According to a third aspect of the present invention, there is provided a method of providing air purification comprising fitting a cladding element according to the first aspect of the present invention (that is, a “filtration cladding element”), such that said cladding element forms or is adjacent to an external wall of the building, and providing vegetation on the growing medium of the air filtration panel. As described above, air drawn through the air filtration panel from the first side to the second side thereof is thus directed through the vegetation, permitting the vegetation to filter particulates from the ambient air and to extract carbon dioxide. Where the vegetation is a moss, particulates are bound by the branch structures of the moss.
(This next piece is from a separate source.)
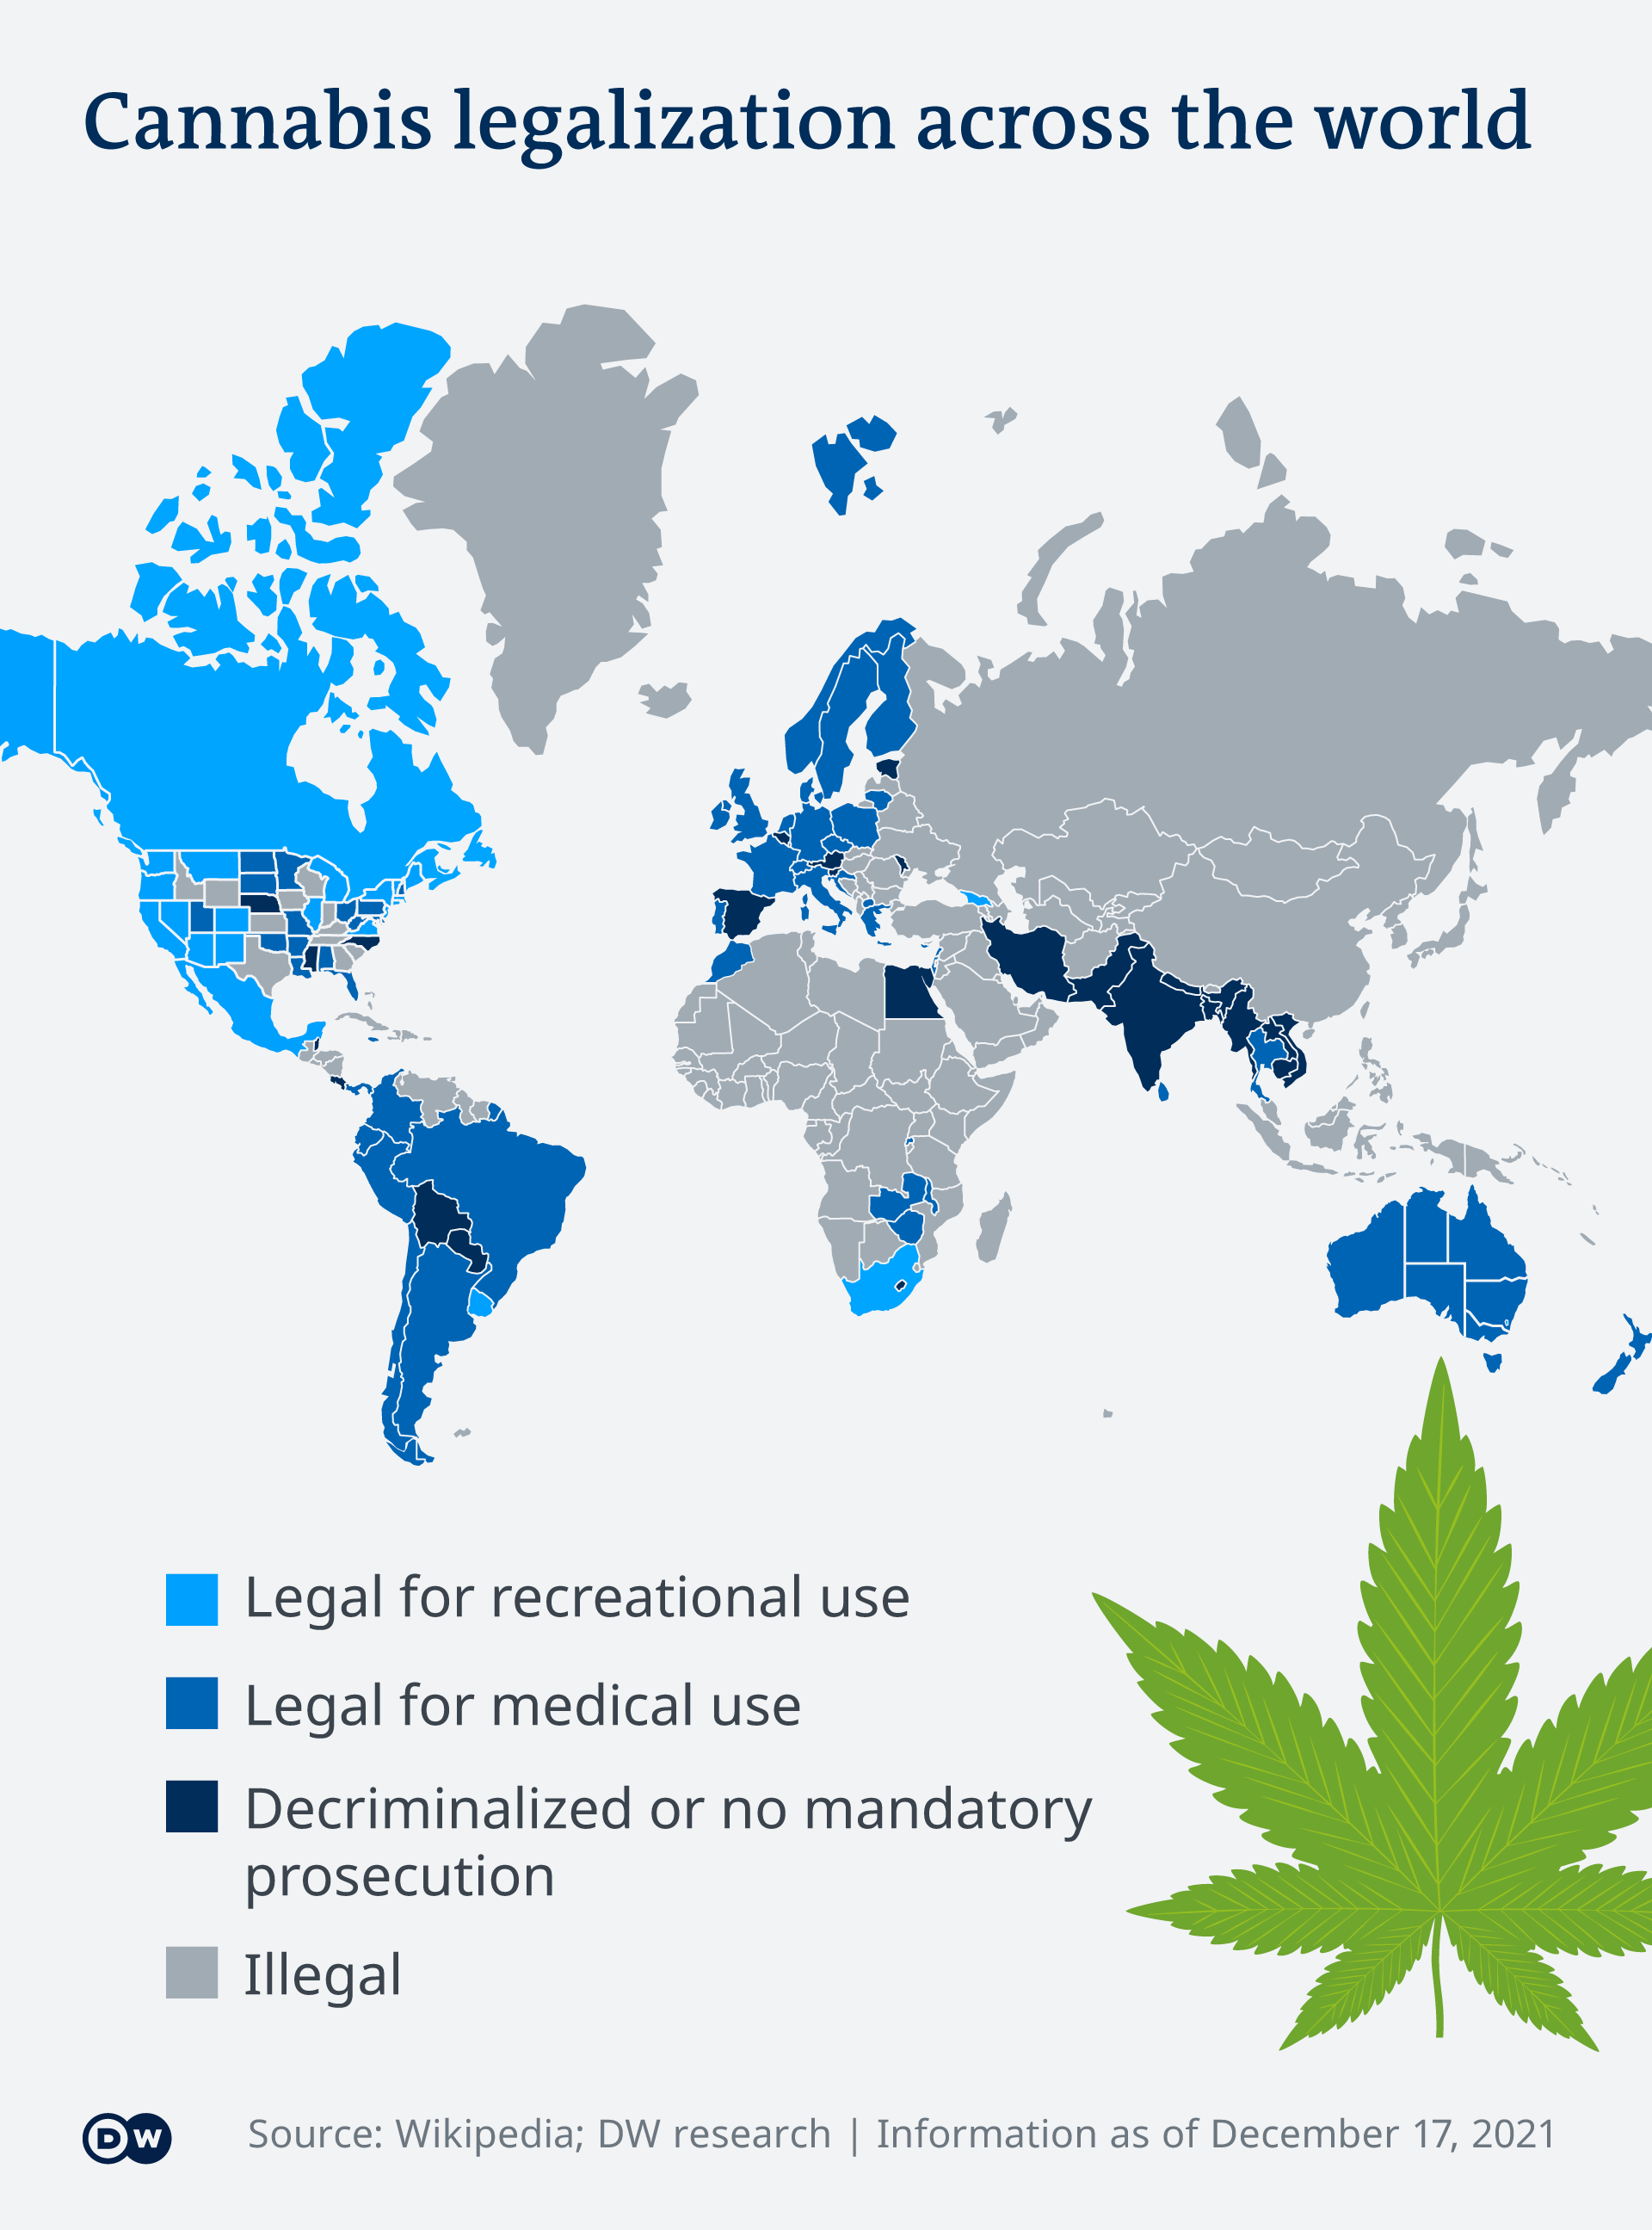 Infografik showing the status of cannabis legalization across the world

Advantageously, the method further comprises fitting the cladding element to the building so as to define an airflow passage between the second side of the air filtration panel and an external wall the building, or wherein the cladding element comprises a backing panel spaced apart from the second side of the air filtration panel so as to define an airflow passage between the air filtration panel and the backing panel. Accordingly, the airflow passage at least partially defines an upwardly extending shaft, which allows passive ventilation of air through the air filtration panel as described above.

In some embodiments, the cladding element is a first cladding element and the airflow passage is a first airflow passage, the method further comprising fitting a second cladding element to the building so as to define a second airflow passage between the second cladding element and an external wall the building, or wherein the second cladding element comprises a second airflow passage, and wherein the first and second cladding elements are arranged to engage such that the first and second airflow passages are in fluid communication and at least partially define an upwardly extending shaft.

The second cladding element may be a cladding element according to the first aspect of the present invention (that is, a “filtration cladding element”). However, it will be appreciated that the second cladding element may not necessarily comprise an air filtration panel (and thus may not be a “filtration cladding element” in the context of the present invention) but may be used to partially define the shaft, thus facilitating the passive ventilation of air through the air filtration panel of the first cladding element. For example, the second cladding element may comprise a non-permeable front panel spaced from the external wall of the building to define the second airflow passage between the second cladding element and an external wall the building, or the second cladding element may further comprise a backing panel spaced apart from the non-permeable front panel to define the second airflow passage between the backing panel and the non-permeable front panel. Thus, positioning the second cladding element above the first cladding element places the first and second airflow passages in fluid communication to define the shaft, wherein a lower portion of the shaft receives outside air through the air filtration panel of the first cladding element. Any number of such non-permeable cladding elements may also be stacked above the second cladding element to provide a shaft of the desired length and to ensure the necessary convection currents are generated to draw air through the air filtration panel of the first cladding element at a lower portion of the shaft. It will be appreciated that any number and any combination of filtration cladding elements and non-permeable cladding elements may be used according to the specific requirements of the building.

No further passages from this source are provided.